1. I have spent time trying to figure out more about my own ethnic group. 1 2 3 4 5
2. I think a lot about how my life will be affected by my ethnic group membership. 1 2 3 4 5
3. I participate in cultural practices of my own ethnic group. 1 2 3 4 5
4. I am increasing my involvement in activities with my ethnic group. 1 2 3 4 5
5. I feel an overwhelming attachment to being a member of my ethnic group. 1 2 3 4 5
6. I am determined to find my ethnic identity. 1 2 3 4 5
7. I think a lot about how my life will be affected by my ethnic group membership. 1 2 3 4 5
8. The ethnic group I belong to is an important reflection of who I am. 1 2 3 4 5
9. Belonging to my ethnic group is an important part of my self-image. 1 2 3 4 5
10. I feel good about the ethnic group that I belong to. 1 2 3 4 5

To find your score, add your responses for each item. Total score: _____23________ 
A score that is greater than 30 indicates that your ethnic identity is highly salient to your identity. 
A score that is less than 20 suggests that your ethnic identity is not a very salient part of how you see your identity. 

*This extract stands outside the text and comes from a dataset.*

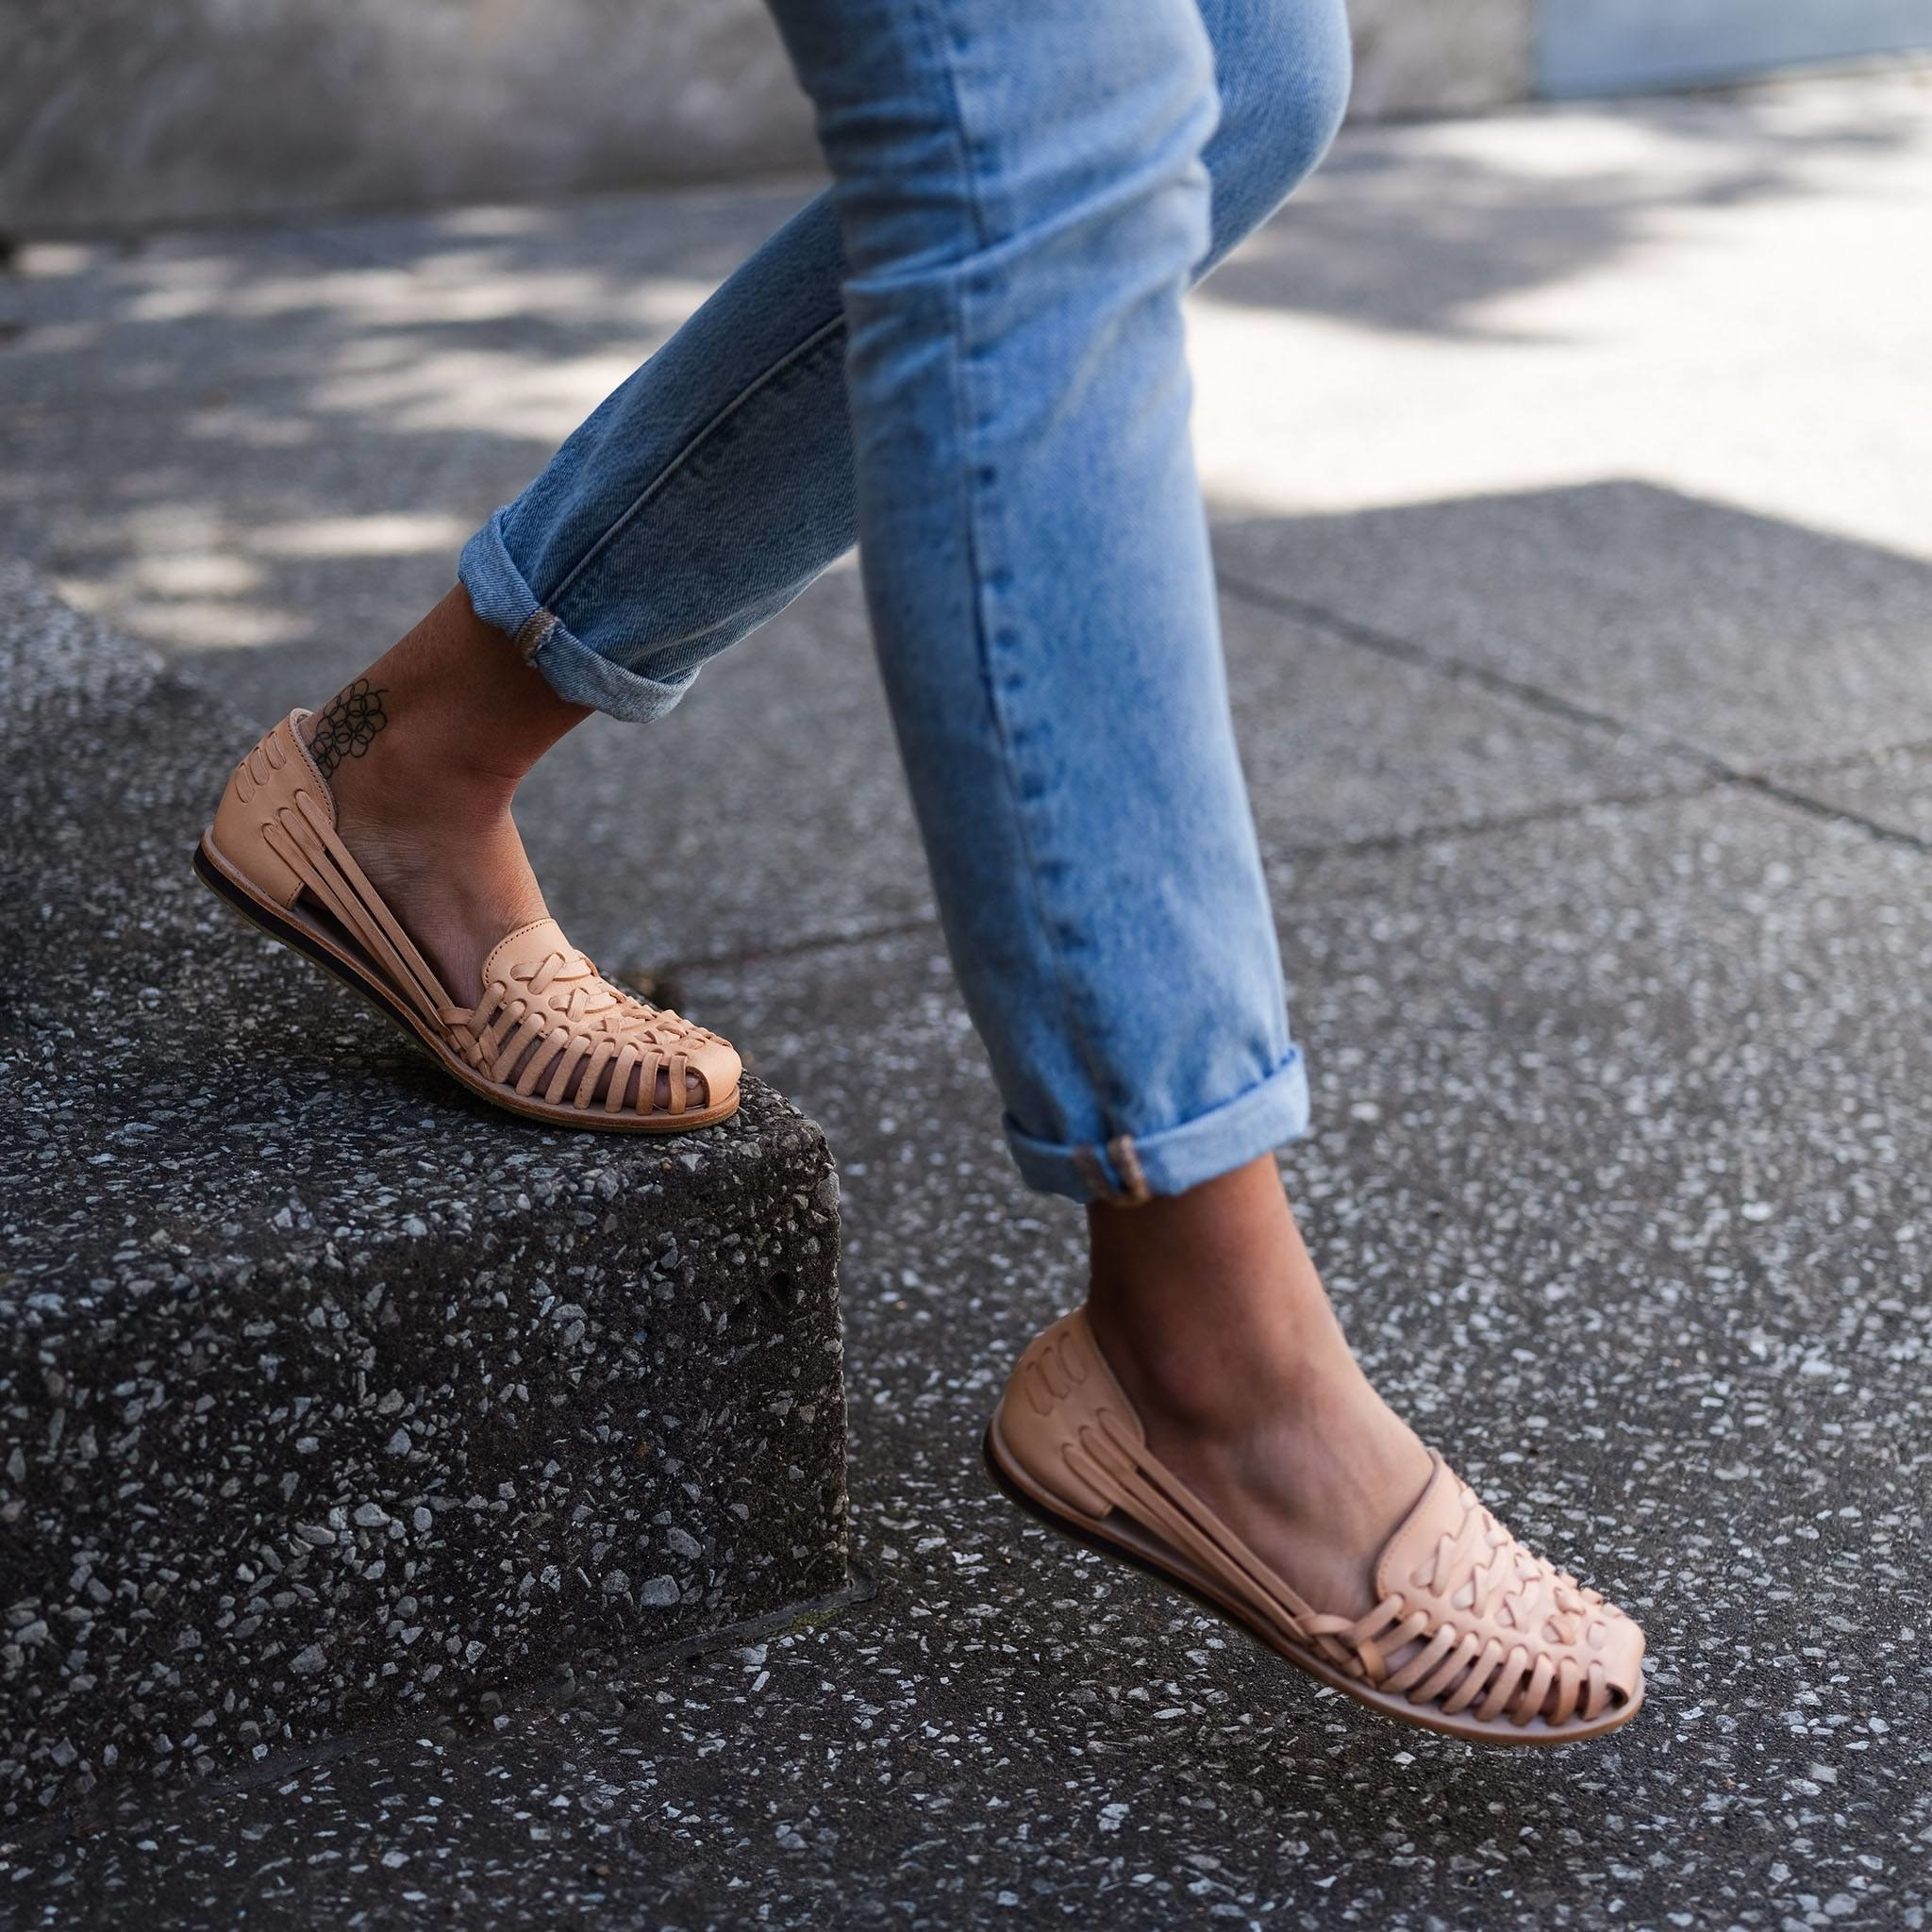 Model wearing sandals while walking on sidewalk

[Source: Adapted from Ting-Toomey, S., Yee-Jung, K. K., Shapiro, R. B., Garcia, W., Wright, T. J., & Oetzel, J. G. (2000). Ethnic/cultural identity salience and conflict styles in four US ethnic groups. International Journal of Intercultural Relations, 24, 47-81.]



 

Is Your Conversation Style Feminine or Masculine?
Put yes (Y) or no (N) for the sentences below. 
Generally speaking, when I converse with people I know: 
1. I am a blunt person  N
2. I tend to criticize people Y
3. I am a little sarcastic Y
4. I ask a lot of questions in a conversation, to find out about people, their thoughts, etc. Y
5. I rarely admit I am wrong about something when I am in a conversation Y
6. I make eye-contact and use body language in conversations Y
7. I get personal with people in conversations; I may even gossip about a mutual friend Y
8. I compliment people spontaneously Y
9. I use four-letter words, coarse language N
10. I like to talk about myself Y
11. I am a good listener N
12. I prefer to talk about non-personal topics, such as unemployment, the economy, current affairs N
13. I usually talk about personal problems, people, their way of being, hopes, desires, my family Y
14. I get personal when I write a letter to someone, but not face to face in a conversation N
15. I help to keep a conversation flowing, I am not provocative, controversial, confrontational Y
16. I like to get my say, get in a few comments, no matter what the topic N
17. I don't assert something, but I might preface a comment with "I think…”, “Maybe…”, “I’m not sure but…" Y
18. If I ask a question, it is generally a yes-no answer I am looking for N
19. I don't mind talking about a situation where I was embarrassed or humiliated N
20. I tend to include a lot of specific details in my conversations Y
Feminine Communication Style – Yes for 4, 6, 7, 8, 11, 13, 15, 17, 19 and 20   8 YES answers 
Masculine Communication Style – Yes for 1, 2, 3, 5, 9, 10, 12, 14, 16 and 18    4 YES answers
Compare how many “Yes” answers you have for each set of numbers above to determine whether tend to communicate more through a feminine or masculine communication style (the higher number will be the style you tend to use).